» **Work instruction**:
Transcribe the data exactly. Leave nothing out.
[Opening Supplied information section]
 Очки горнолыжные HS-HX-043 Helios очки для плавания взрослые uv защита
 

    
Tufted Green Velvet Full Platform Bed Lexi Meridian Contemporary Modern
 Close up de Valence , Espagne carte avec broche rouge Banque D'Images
[Closing Supplied information section]
» **Expected answer**:
 Очки горнолыжные HS-HX-043 Helios очки для плавания взрослые uv защита
 

    
Tufted Green Velvet Full Platform Bed Lexi Meridian Contemporary Modern
 Close up de Valence , Espagne carte avec broche rouge Banque D'Images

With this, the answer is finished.